Kevin McCarthy edged back from the brink of an impeachment inquiry into President Joe Biden on Tuesday, less than a day after suggesting his party was close to announcing one.
The speaker set off a Washington kerfuffle Monday night when he told Fox News’ Sean Hannity that he believed the House GOP’s investigations into Hunter Biden’s business dealings were “rising to the level of [an] impeachment inquiry,” presumably into his father.
But during lengthy Tuesday question-and-answer sessions with reporters, McCarthy said his televised remarks were not meant as an announcement of any new steps. Instead, the California Republican clarified that the myriad of allegations he is seeing from Republicans’ investigations “could” eventually merit an impeachment inquiry.
“I wasn’t announcing it,” McCarthy said of his Fox News comments. “I simply said that the actions that I’m seeing by this administration — withholding the agencies from being able to work with us, that would rise to the level of an impeachment inquiry.”
“We … still have a number of investigations going forward now. The committees are working in good faith. They’re finding new information all the time,” McCarthy added.
He later took to Twitter with a similar dialing back of the tone he took on Fox, writing: “If evidence continues to rise to the level of an impeachment inquiry, House Republicans will act.”
The speaker’s pullback comes as Republicans face fierce pressure from their right flank to impeach Biden or a Cabinet official — a high bar that would require near-total GOP unity, given their five-seat majority. A swath of McCarthy’s conference remains skeptical of any impeachment effort at the moment, underscoring the hurdle that conservative backers face despite GOP control of the House.
McCarthy said on Tuesday that he has no timeline for when House Republicans might make a call on whether or not to vote to formalize an impeachment inquiry, which he has described as a step that would give Republicans more investigative tools. Even if Republicans voted to take that step, they would still need to decide whether to hold an impeachment vote in committee, before taking the matter to the House floor.
Asked how long Biden’s Cabinet departments have to indicate whether they will cooperate with GOP investigations, McCarthy also declined to give a firm timeline. “Committees are currently bringing people in for interviews,” he noted.
“We’ve got a number of people coming in,” McCarthy said. “They could come … forward with all the information these committees are requesting, and we wouldn’t have to rise to [that].”
McCarthy, in his Fox News interview, stopped short of explicitly saying he would move to formalize an inquiry against Biden, Attorney General Merrick Garland or any other administration official.

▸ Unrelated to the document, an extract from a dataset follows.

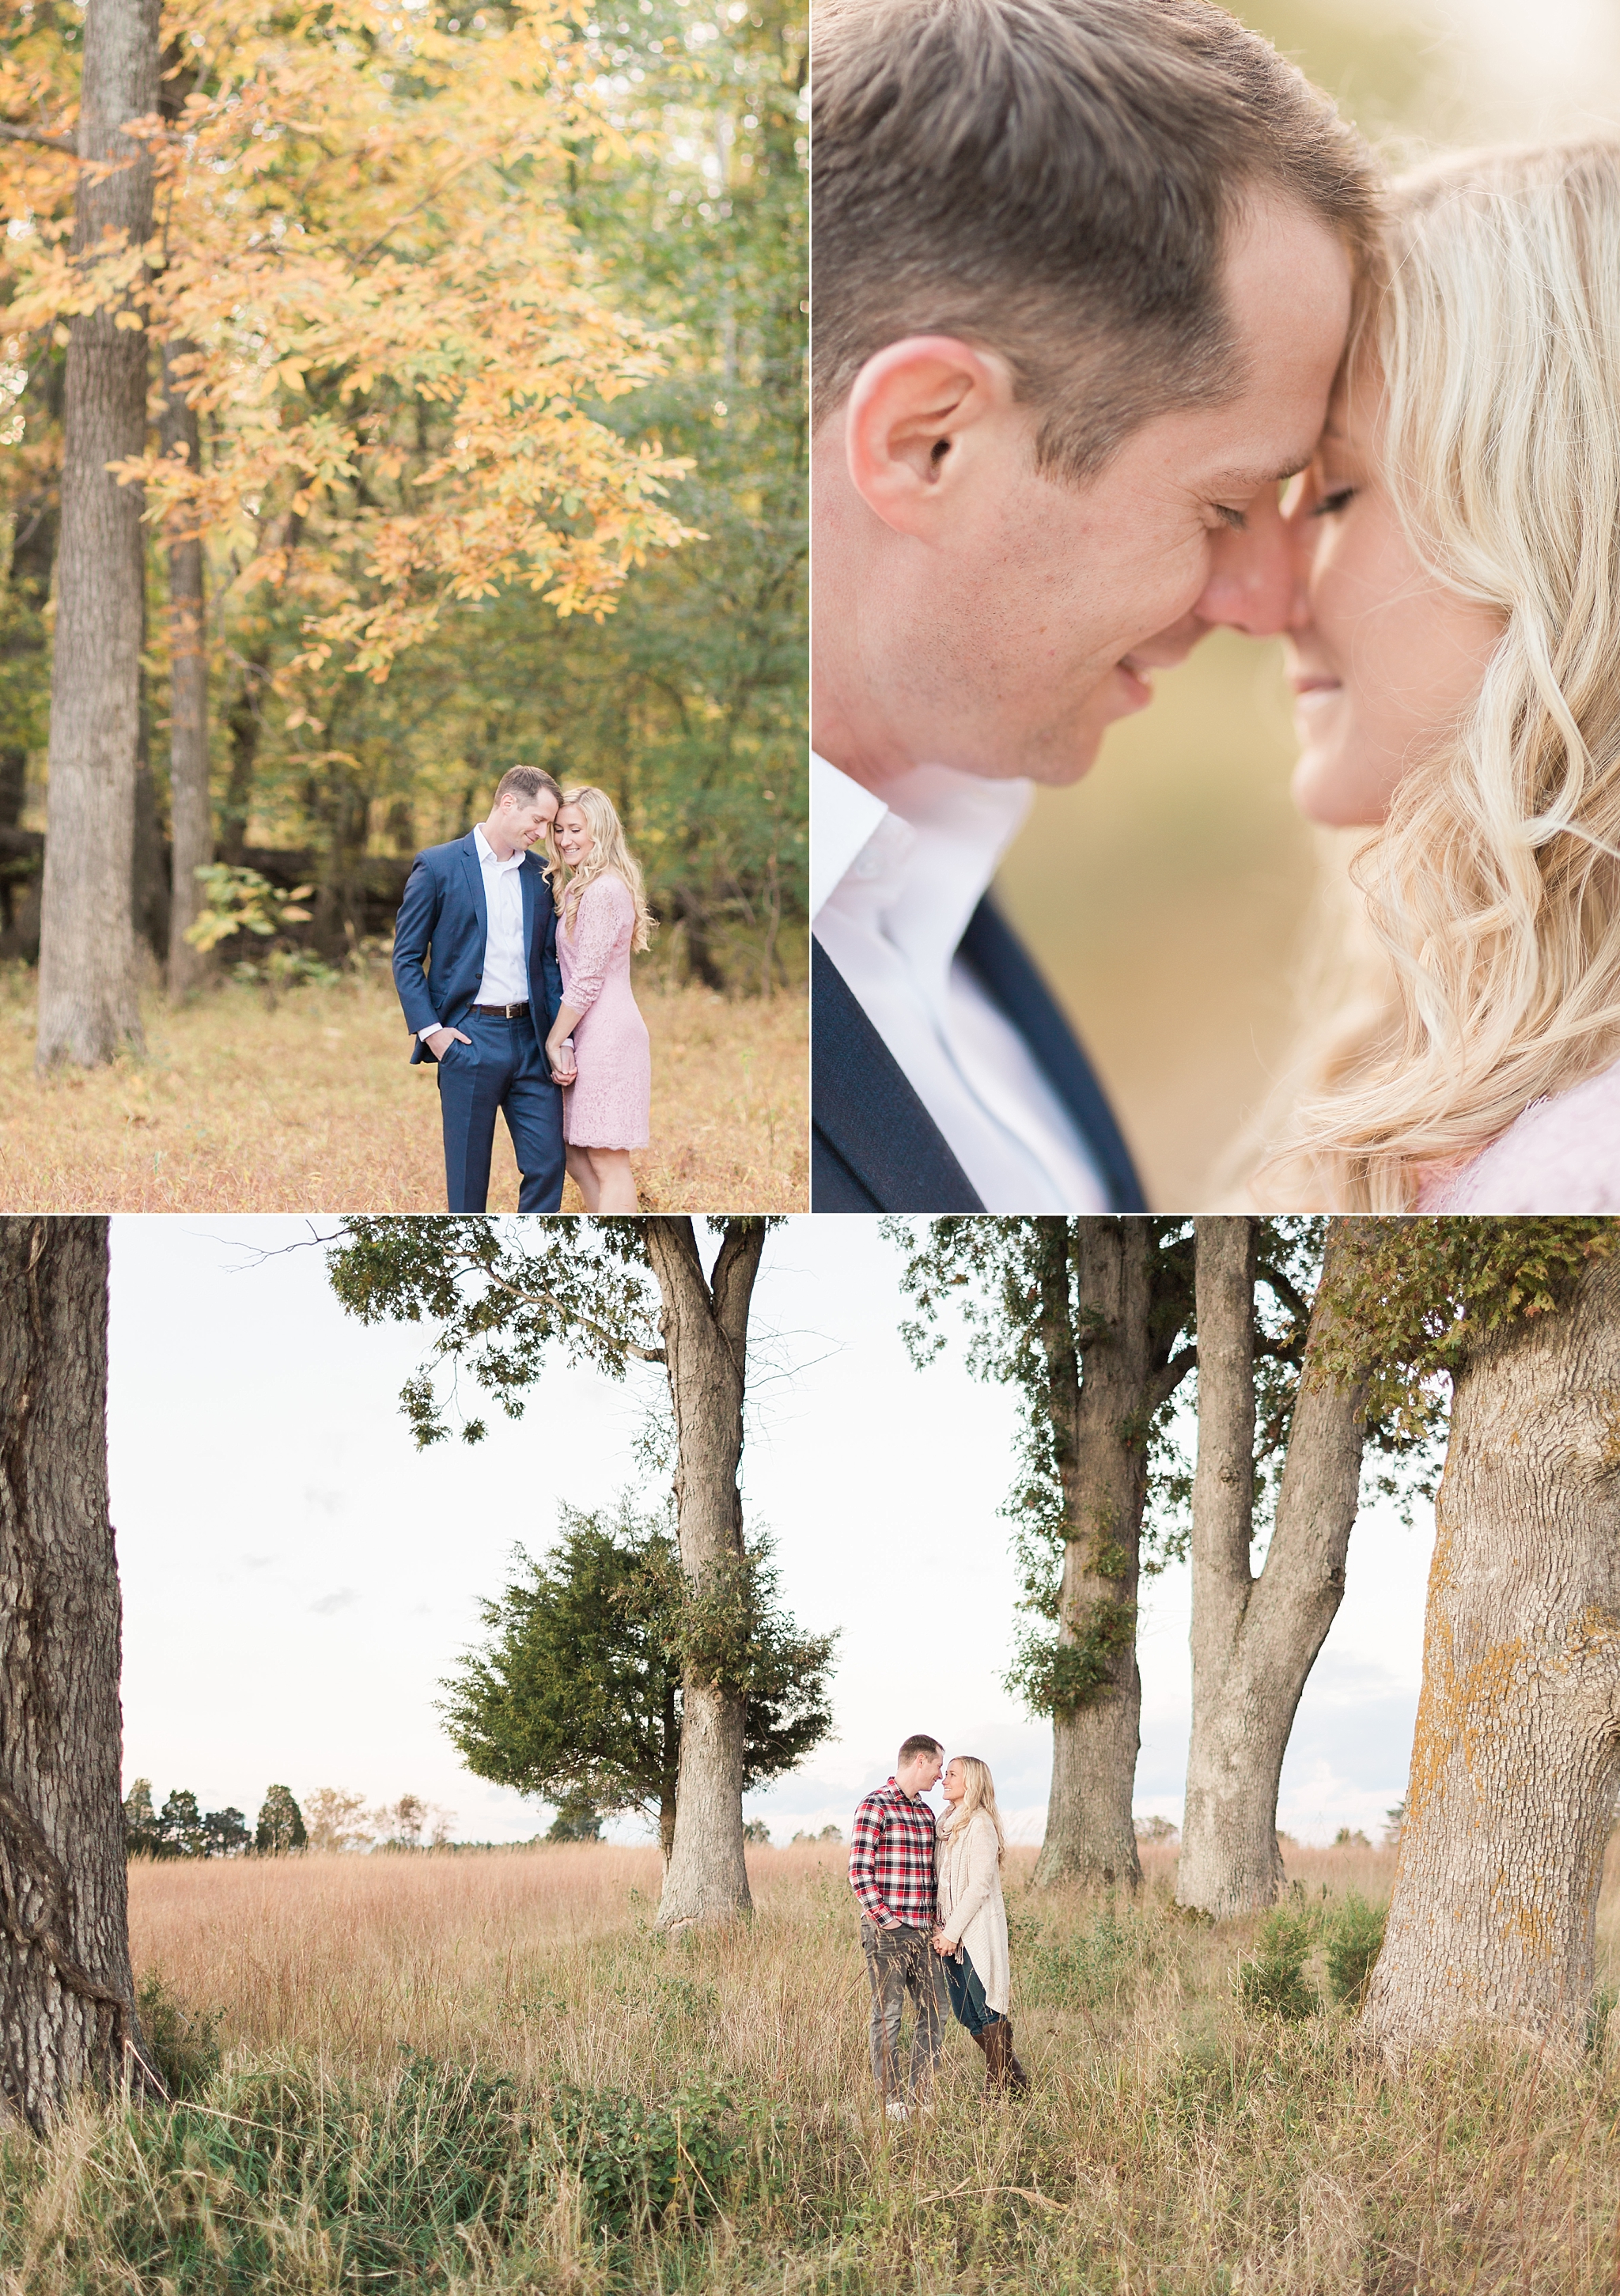 Looking for the best engagement session locations in Northern Virginia? Here are the top 10 from seasoned wedding photographer, Alicia Lacey!

In addition, he broadly discussed the different threads the House GOP is investigating. Topics currently getting vetted range from payments that Biden’s family members received from foreign companies to IRS whistleblowers who allege the Justice Department hampered the federal probe of Hunter Biden to an uncorroborated FBI document that links the president to bribery allegations involving the First Son.
Citing that variety of activity, McCarthy argued Monday night that the Republican investigations are building in the direction of what would be a historic impeachment inquiry. While he has previously opened the door to a potential impeachment inquiry into Garland if Republicans could prove he had lied, those remarks amounted to his strongest statement yet on a Biden impeachment.
Republicans last month punted an impeachment resolution from Rep. Lauren Boebert (R-Colo.) back to committees for further work.
In the weeks since then, however, Republicans have pushed to escalate their investigation into President Biden, Hunter Biden and the years-long federal investigation of the First Son. The two IRS whistleblowers who allege federal intervention into the Hunter Biden probe testified last week, and negotiations are underway for a follow-up hearing with David Weiss, the U.S. attorney in charge of that probe.
But McCarthy’s remarks fueled new impeachment chatter from some of its most ardent conservative backers on Tuesday — marking a potential headache of the California Republican’s own making.
“As we’ve continued to amass evidence and information, I certainly think, bare minimum, we should be doing an impeachment inquiry,” Rep. Andy Biggs (R-Ariz.) told reporters on Tuesday.
Both Garland and Weiss have denied the whistleblower claims that the DOJ meddled in the Hunter Biden probe. DOJ has offered to have Weiss testify on the Hill after the August recess in late September or mid-October. Garland is already scheduled to testify before the House in late September as part of a routine oversight hearing.
“The only way we can investigate that is through an impeachment inquiry so that the committee would have the power to get all the documents,” McCarthy said. “What I said last night, and … I said it before, the more this continues to unravel it reaches to the level of impeachment inquiry.”
Sarah Ferris contributed to this report.